Roman Vishniac, Salesmen

Today I saw the International Center of Photography's big retrospective, "Roman Vishniac Rediscovered". The show opens with Vishniac's Berlin street photography from the 1920s and 30s, in which he concentrates on form: shafts of light in a train station; a workman on a diagonal ladder amid diagonal shadows; four boys admiring a motorcycle, all dressed alike. The beauty and the visual coincidences he catches are delightful. The scene darkens as the Nazis rise to power, and the impact of the photos, unfortunately, wanes. Vishniac's photo of his daughter wearing a cute beret, standing in front of a Hitler poster, is ominous, but not particularly good.

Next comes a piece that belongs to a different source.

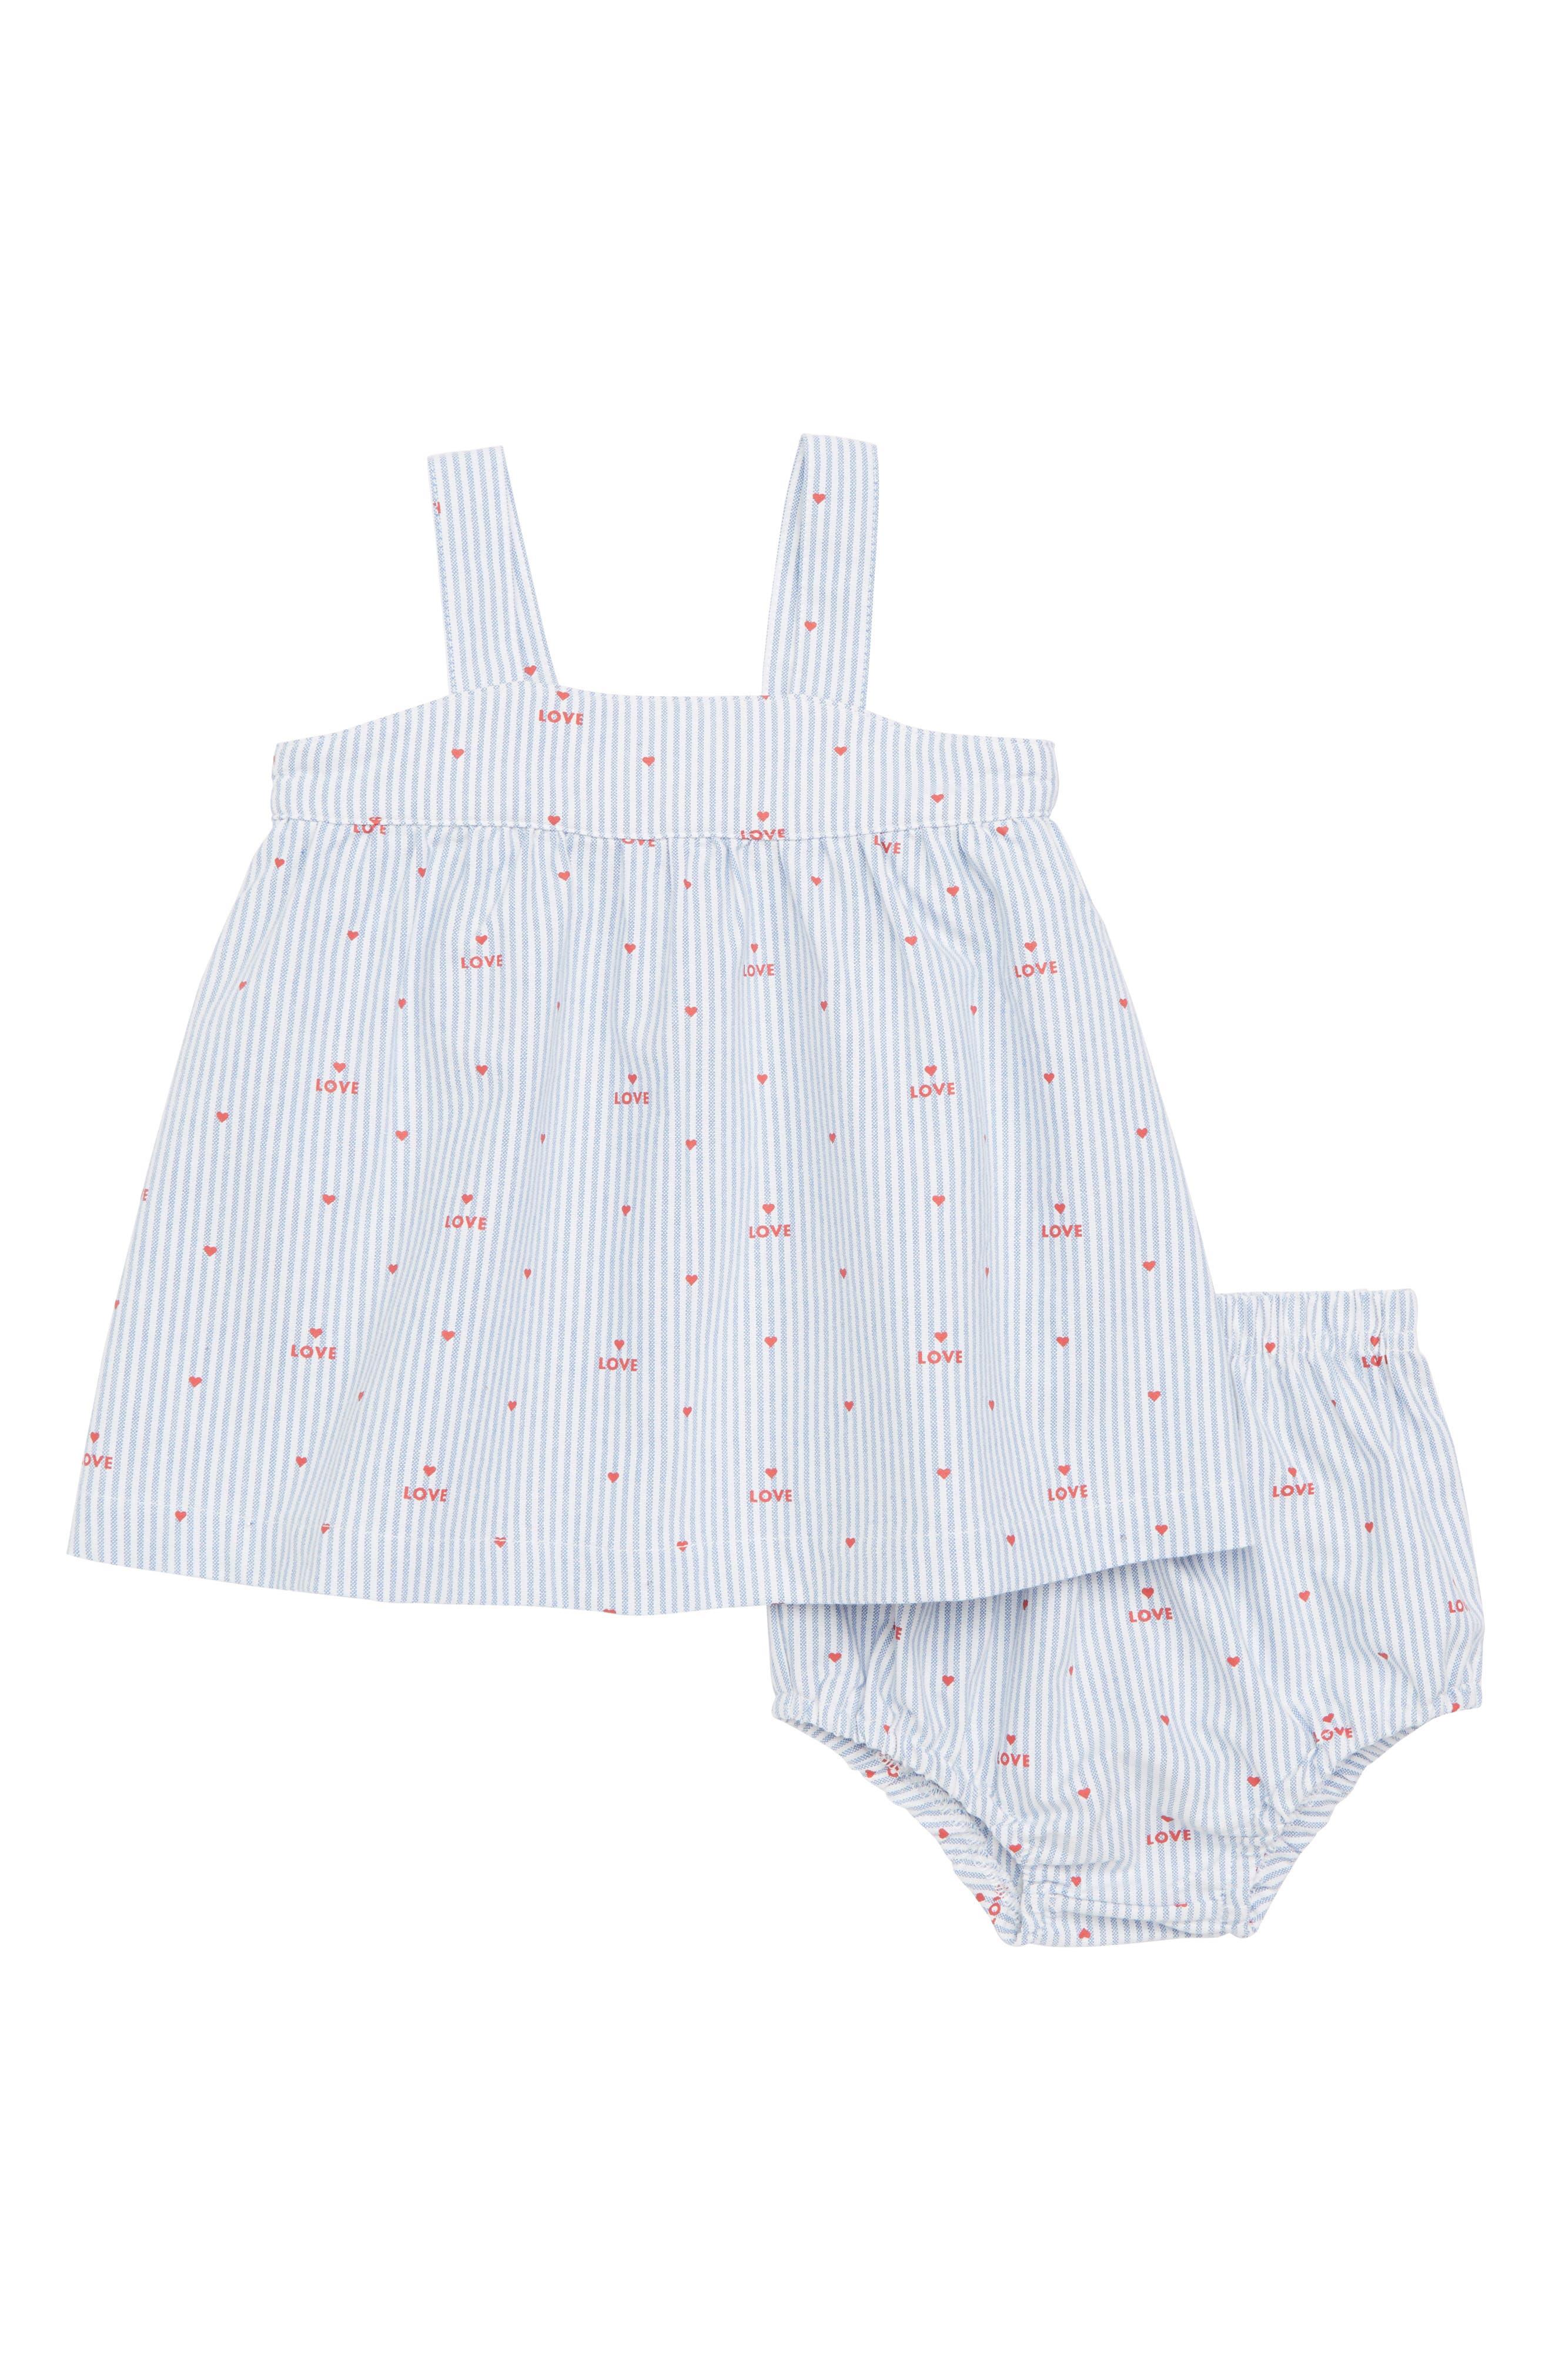 Pinstripe Swing Dress,                         Main,                         color, White/ Peach
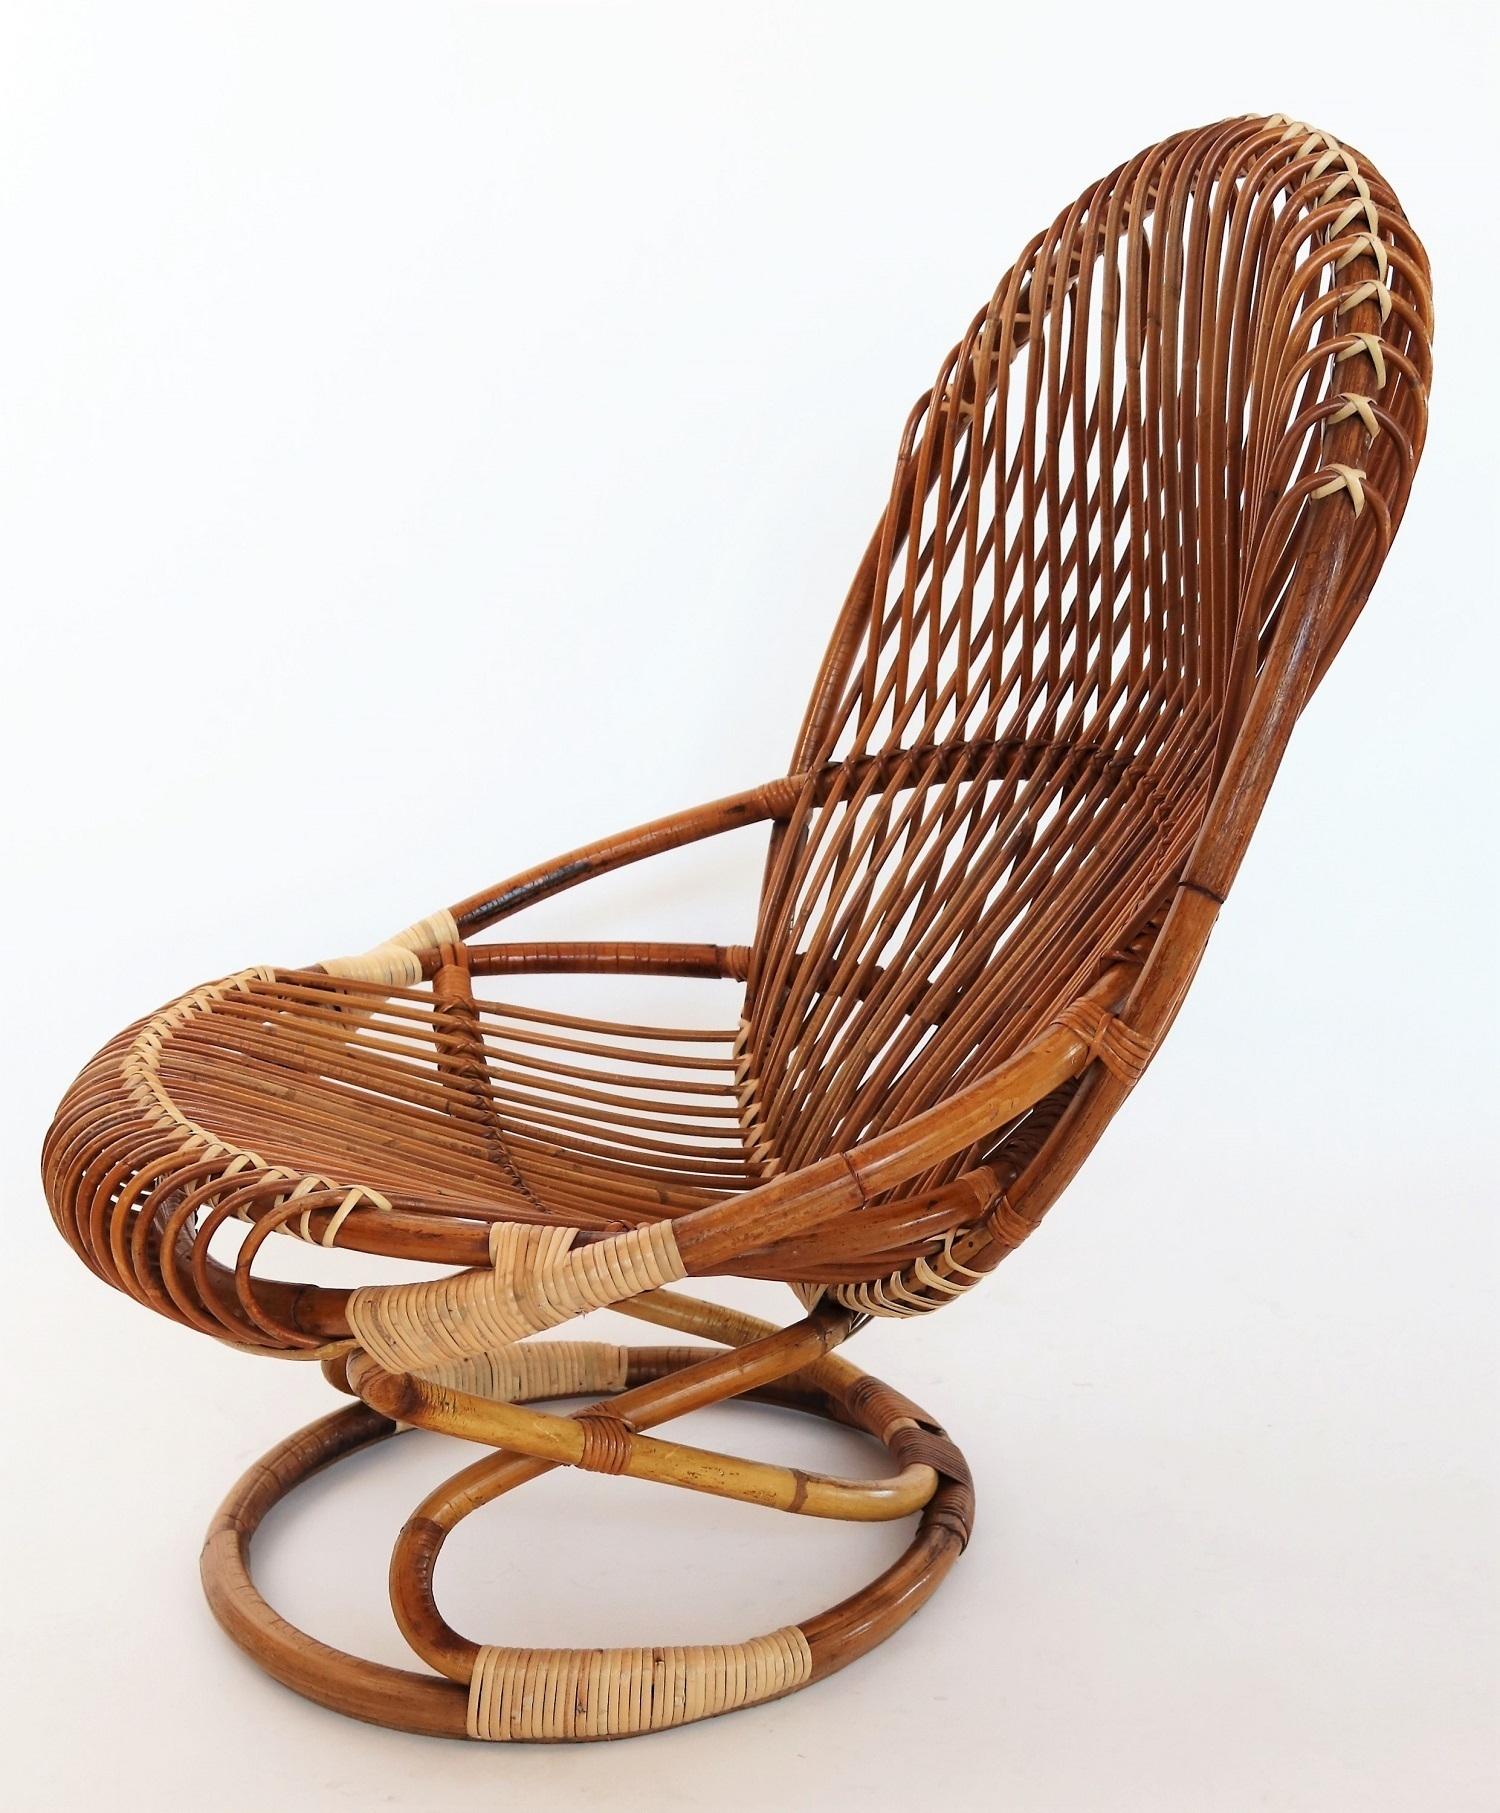 Italian Midcentury Bamboo Wicker Chair By Giovanni Travasa For Bonacina 1950s

Vishniac's most prominent achievement is his photographs of Eastern European Jews in the late 1930s. The project was commissioned by an American Jewish relief fund to highlight the poverty of Jews in Eastern Europe, much in the same way (and at the same time) as the FSA commissioned Dorothea Lange and Walker Evans to photograph the Dust Bowl. ICP displays the work in fine new inkjet prints from Vishniac's negatives, and sometimes shows images Vishniac had originally edited out: Jewish women in secular dress, for example, or a prosperous-looking Jewish shop. The exhibit demonstrates how Vishniac selected his photos to accomplish a narrow view of Jewish life: poor, religious, medieval. When this world was wiped out by the Nazis a few years later, Vishniac's record of it became a twilit elegy, but the work as we've known it is not the whole scene Vishniac saw.

Roman Vishniac, Beggars

Propagandistic, too, are Vishniac's 1939 photographs of a Dutch "agrarian training camp" that prepared Zionist youth for emigration to Palestine. The images are posed, with clear inspiration from Socialist Realism. They're of their time: the age of statism, when individuals everywhere were subsumed in one ideology or another.

Roman Vishniac, Zionist Youth

It makes one nostalgic for the pictures made before all the polemics, when Vishniac was satisfied just to photograph stylish figures in slashing light. Unburdened by any message, these images are light, and the best in the show.